Rearchitecting JSONEncoder to be much faster

michaeleisel · August 22, 2019, 4:52pm

Currently, JSONEncoder can spend a lot of time doing the following things:

Creating intermediate Swift/ObjC data structures to pass to JSONSerialization
Creating a new Swift String for each key conversion
Inside of JSONSerialization, using libc functions to convert numbers to strings

All of these things can be resolved with a different architecture. There may be other good ones, and if so I'd love to hear about them, but here's what I'll pitch:

Whenever an encode method is called, write the JSON out directly, rather than storing anything in dictionaries or delegating any work to JSONSerialization. The one tricky bit is that it may be told to encode something that needs to come later after other, unseen, pieces of data are encoded. For example:

let container1 = encoder.unkeyedContainer()
let container2 = encoder.unkeyedContainer()
container2.encode(...)
container1.encode(...)

If container2's data is written directly to the final Data that will be output, then we have a problem when container1 tries to write to it. However, this will only happen, correct me if I'm wrong, when the user has implemented their own encoding method and is getting a bit wonky with it. At that point, it could keep track of multiple strings and paste them together. There are different ways to do this, and I can flesh out that part, but first I want to gauge interest in this overall proposal.

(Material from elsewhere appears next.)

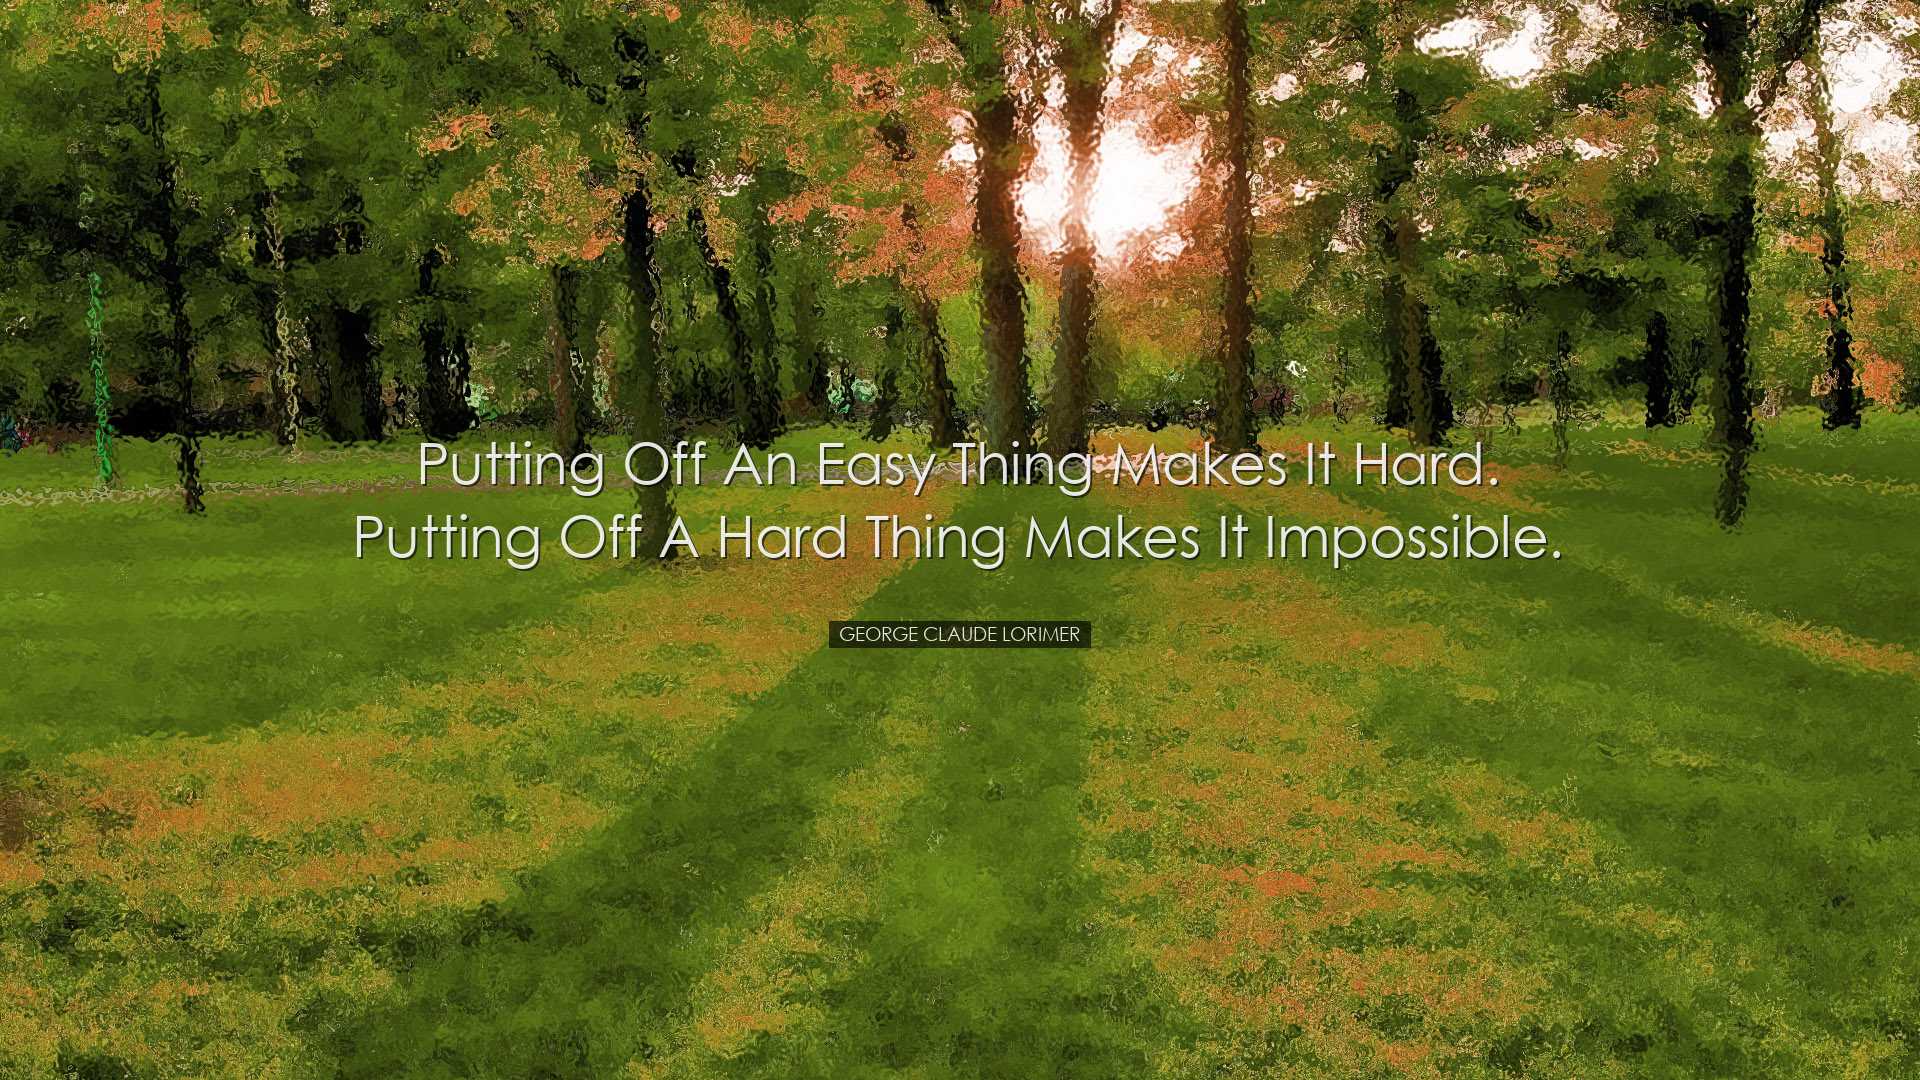 Putting off an easy thing makes it hard. Putting off a hard thing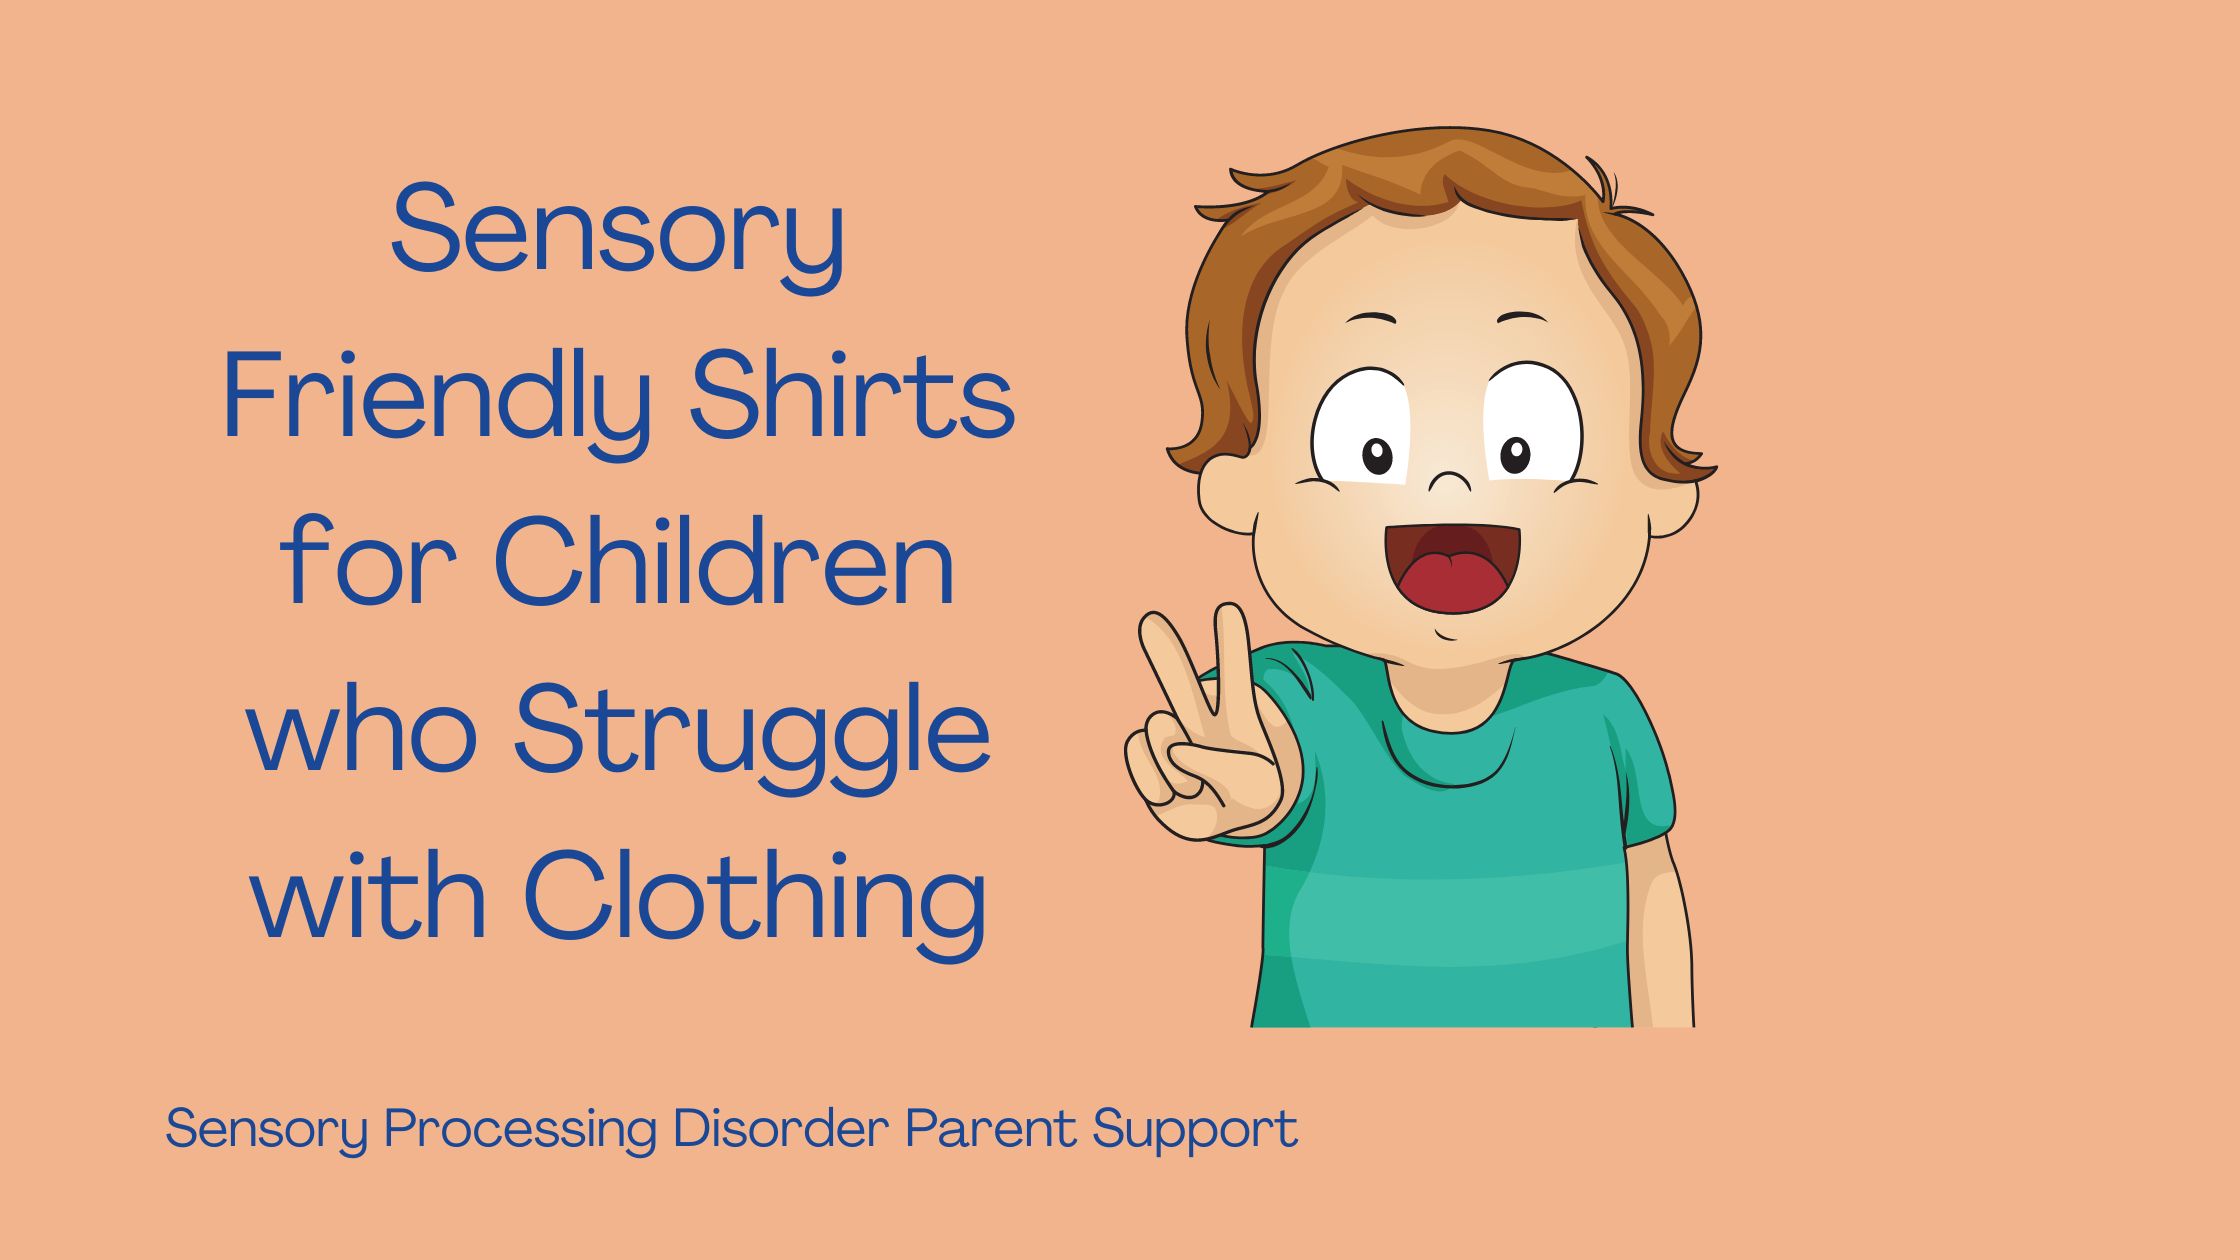 child with sensory processing disorder wearing a sensory friendly shirt Sensory Friendly Shirts for Children who Struggle with Clothing

Another benefit is that, with Swift handling the whole process and not delegating to JSONSerialization, it will be able to optimize things like the conversion of numbers to strings, which is rarely as fast as possible when using libc functions. It may even be able to write multiple numbers at once in a fast way with vectorized instructions. But this is an optional benefit.

I am confident that these changes would make JSONEncoder at least the 3x the speed it currently is. I have employed some of these same ideas and philosophies to ZippyJSON, which decodes at 4-5x the speed of JSONDecoder.

Jon_Shier · August 22, 2019, 5:40pm

Yes please, JSONDecoder is embarrassingly slow, and JSONEncoder can be a bottleneck on the server side in some situations.

@michaeleisel It would be very interesting to see how much of ZippyJSON's performance comes from the various changes you've made:

Use of simdjson.
Removal of Foundation type boxing.
Lack of key conversion.

I'm not sure these things are easily separable, but the unfortunate fact is that Swift may not be amenable to importing simdjson as a dependency, so I'd have to wonder how much of a win there would be just by replacing the Foundation type boxing.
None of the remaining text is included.